- Information provided -
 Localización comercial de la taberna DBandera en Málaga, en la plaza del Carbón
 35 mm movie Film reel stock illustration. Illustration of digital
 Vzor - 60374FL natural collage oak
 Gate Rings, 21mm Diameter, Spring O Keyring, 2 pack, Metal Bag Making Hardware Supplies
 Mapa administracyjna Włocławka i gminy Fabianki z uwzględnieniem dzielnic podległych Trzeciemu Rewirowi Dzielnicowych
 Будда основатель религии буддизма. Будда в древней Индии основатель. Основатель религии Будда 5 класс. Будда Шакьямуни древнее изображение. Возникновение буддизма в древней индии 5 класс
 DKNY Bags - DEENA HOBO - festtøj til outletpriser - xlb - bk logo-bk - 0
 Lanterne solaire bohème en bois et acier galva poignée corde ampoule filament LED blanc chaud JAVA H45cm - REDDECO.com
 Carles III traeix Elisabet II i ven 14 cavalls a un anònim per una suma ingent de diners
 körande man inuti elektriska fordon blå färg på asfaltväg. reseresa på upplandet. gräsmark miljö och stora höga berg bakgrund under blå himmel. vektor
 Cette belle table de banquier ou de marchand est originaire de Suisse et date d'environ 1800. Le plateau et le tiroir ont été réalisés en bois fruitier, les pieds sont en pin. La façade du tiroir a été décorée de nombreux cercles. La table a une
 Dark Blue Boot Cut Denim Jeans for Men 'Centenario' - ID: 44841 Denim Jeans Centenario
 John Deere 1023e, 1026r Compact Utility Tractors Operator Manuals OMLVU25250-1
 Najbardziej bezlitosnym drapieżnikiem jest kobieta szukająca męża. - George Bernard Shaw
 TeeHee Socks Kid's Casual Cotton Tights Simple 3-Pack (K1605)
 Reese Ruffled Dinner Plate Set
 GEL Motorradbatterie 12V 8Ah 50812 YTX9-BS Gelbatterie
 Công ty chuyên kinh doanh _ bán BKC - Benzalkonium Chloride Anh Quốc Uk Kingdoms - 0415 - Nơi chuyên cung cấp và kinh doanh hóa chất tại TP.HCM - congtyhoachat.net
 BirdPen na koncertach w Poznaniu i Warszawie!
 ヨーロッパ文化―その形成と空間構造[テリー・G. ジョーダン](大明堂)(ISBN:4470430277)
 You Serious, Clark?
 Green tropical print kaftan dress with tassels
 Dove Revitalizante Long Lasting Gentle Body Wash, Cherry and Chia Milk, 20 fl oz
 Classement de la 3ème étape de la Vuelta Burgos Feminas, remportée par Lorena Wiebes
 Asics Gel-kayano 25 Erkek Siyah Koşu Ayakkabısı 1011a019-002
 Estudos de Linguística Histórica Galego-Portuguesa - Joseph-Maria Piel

- Work required -
Only one thing is wanted in reply: the number of lines in the entries that hold the string "bois".

- Output of the task -
2